Now for the RegTech difficulty factor. In our survey, 63.5 percent of respondents said RegTech will become more critical in the next year. My take is that this concern is as vital for fraud defence as it is for addressing the issues of interoperability and data. While RegTech is undoubtedly a challenging compliance factor to plan and execute, FIs see RegTech as a positive factor. Looking at what regulation aims to do, the most crucial factor is to sync almost perfectly with several problems that need solving to improve customer experience and security. Examples: ISO 20022 messaging format will address data interoperability. Confirmation of Payee (CoP) will help address fraud. PSD2, Open Banking and UK Faster Payments Access Models will address easier access to data. So while 25 percent of respondents appreciate the importance of regulations they are equally worried about looming deadlines and the need for business continuity. But regulations aim to create better conditions for growth and competitive opportunities for FIs. And it’s important to remember that new regulation is there to fight fraudsters, who are one step ahead of the game. They don’t wait for regulations to play fair.
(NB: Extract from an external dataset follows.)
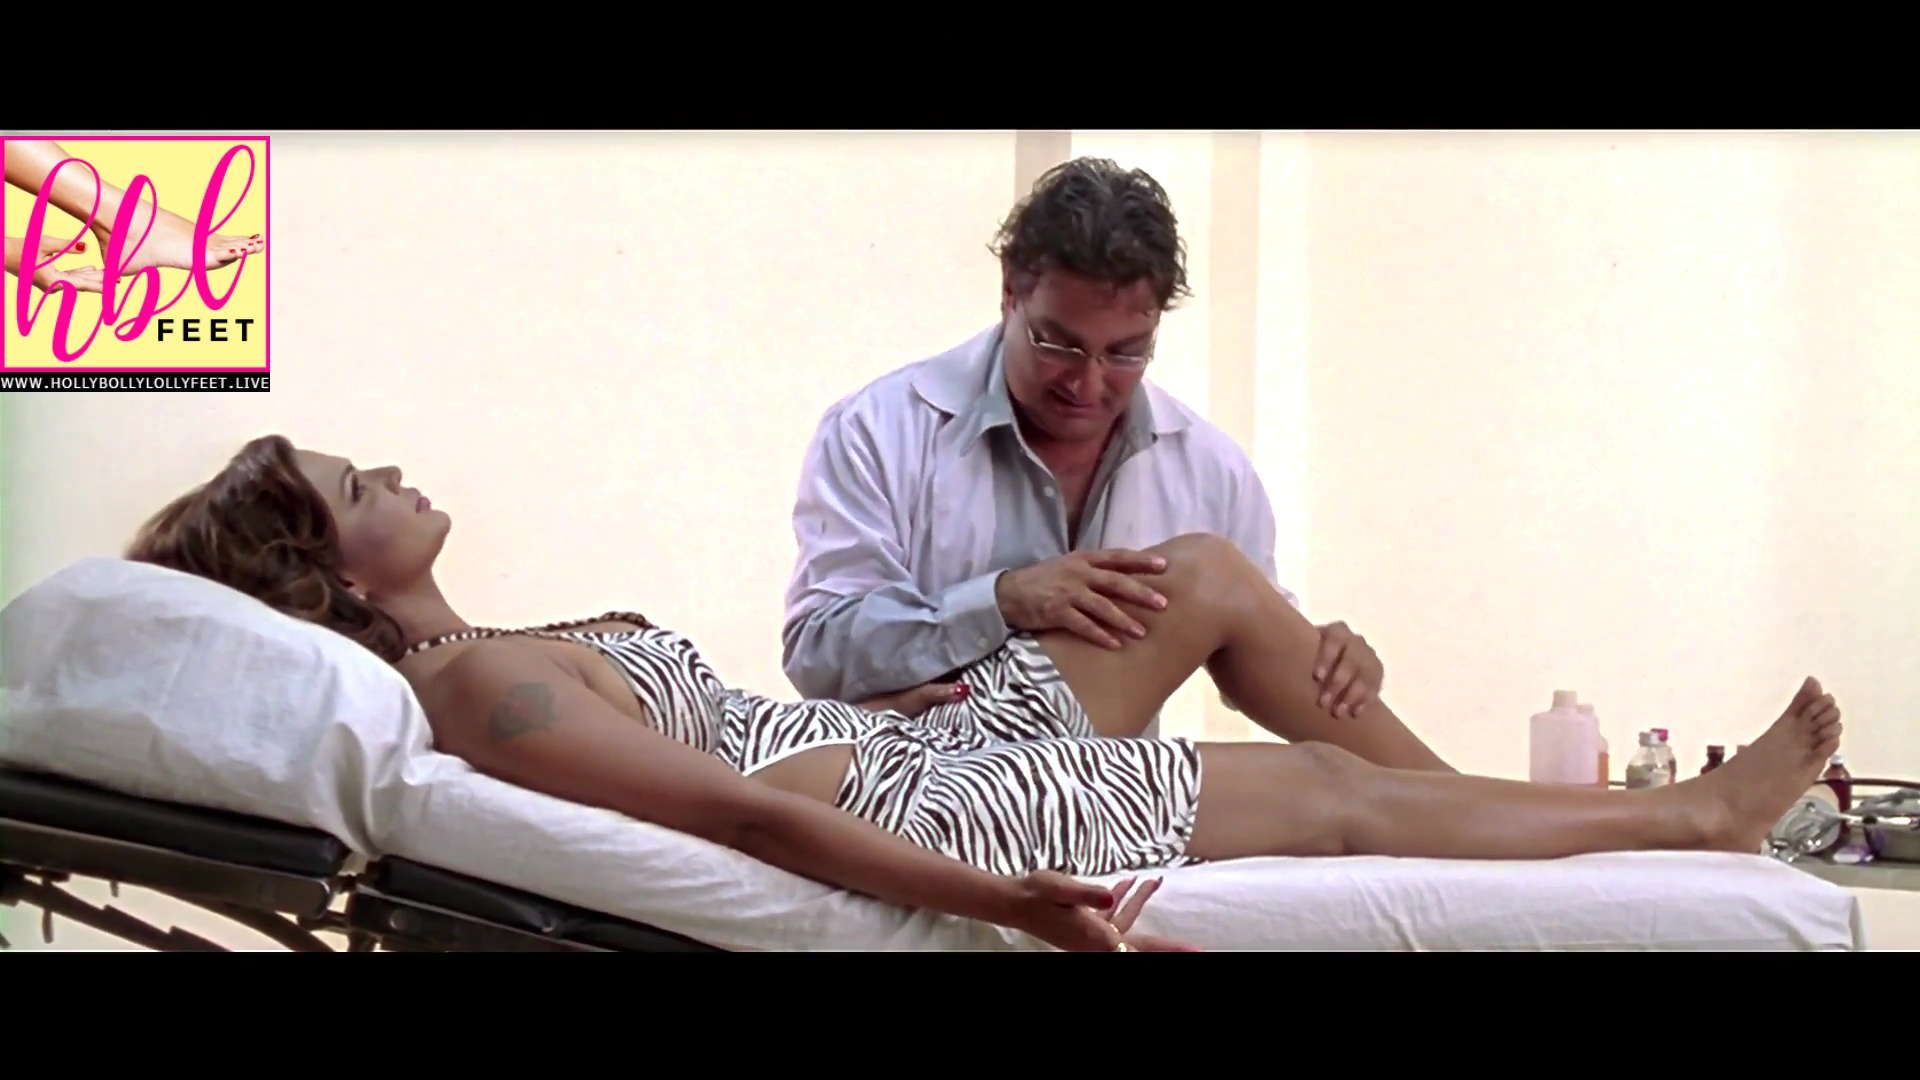 Buddha Mar Gaya Movie 720p Free Downloadl rakhi-sawant-feet-buddha-mar-gaya-02

However, broader challenges exist when fighting financial fraud, inclusive of insider fraud. Despite a positive attitude toward their outcomes, the biggest challenge in executing fraud and financial crimes strategy is keeping up with regulations (31%). The second challenge is increasing fraud threats (30%), and the third (at 11%) is the alert investigation time and false positives. These results illustrate a big challenge as FIs try to comply with regulations and manage assets on one side but remain strict enough without creating false positives and alienating customers. The fraud issue also tracks back to ISO 20022. Because the messaging yields more data, there’s more information to analyse in ensuring that all parties involved are legitimate, thereby reducing the potential for false positives
The solution to these challenges has its foundation in technology. We’ve already offered examples of how innovative technology can help fight insider fraud. But let’s consider other fraud tactics that can profit from technology adoption. For instance, keeping track of sanctioned countries and organisations is not an inside, manual job in today’s complicated cross-border business environment. Nor is it a job for outdated technology. For example, legacy watchlist screening tools can be tripped up by spelling errors, typos, and data quality issues. That’s an easy get for clever criminals who use aliases or even steal identities.
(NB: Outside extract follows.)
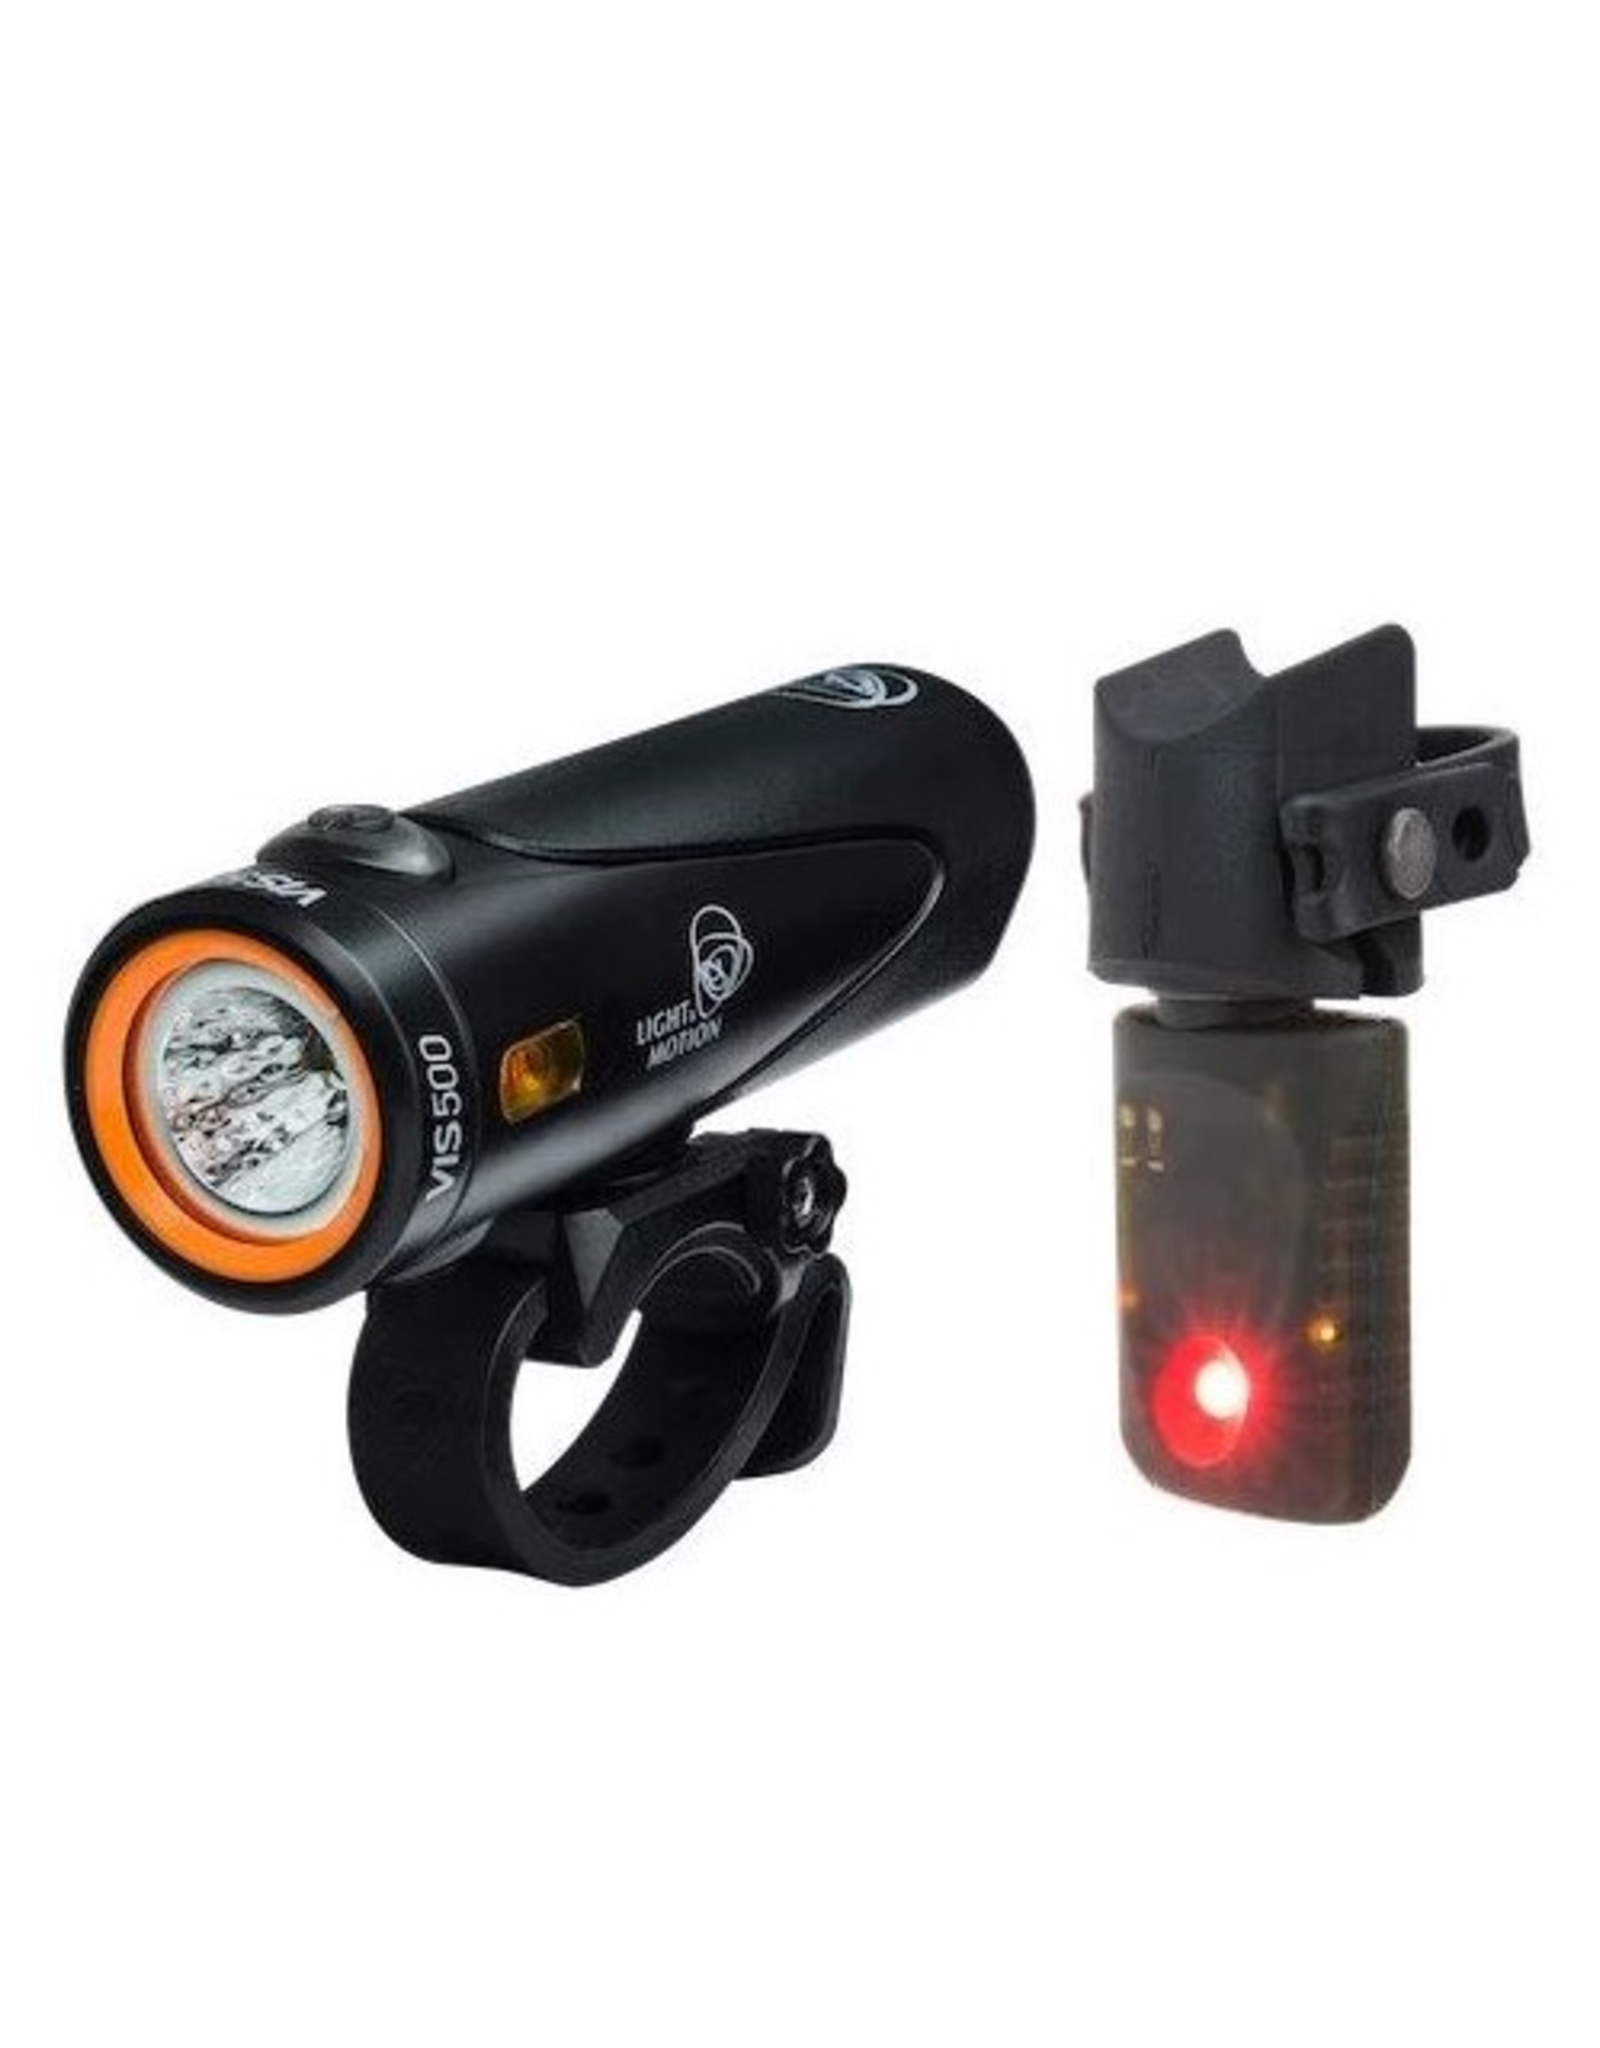 Light and Motion Light & Motion VIS 500 Onyx + Vya TL Combo Light Set

Modern technology for watchlist screening will be SaaS-based and provide a real-time, automated look across the journey of each payment. This technology will reduce false positives and speed-up investigations, which is where data comes in. By using machine learning and artificial intelligence, systems can proactively detect and prevent financial crimes. It’s no longer a box-ticking exercise.
So yes, our research shows the difficulty factor for FIs goes up in the short term. But continued focus on digital transformation and the judicious use of technology makes fighting financial fraud a bit easier and will ultimately make corporate and consumer customers happier in the long run.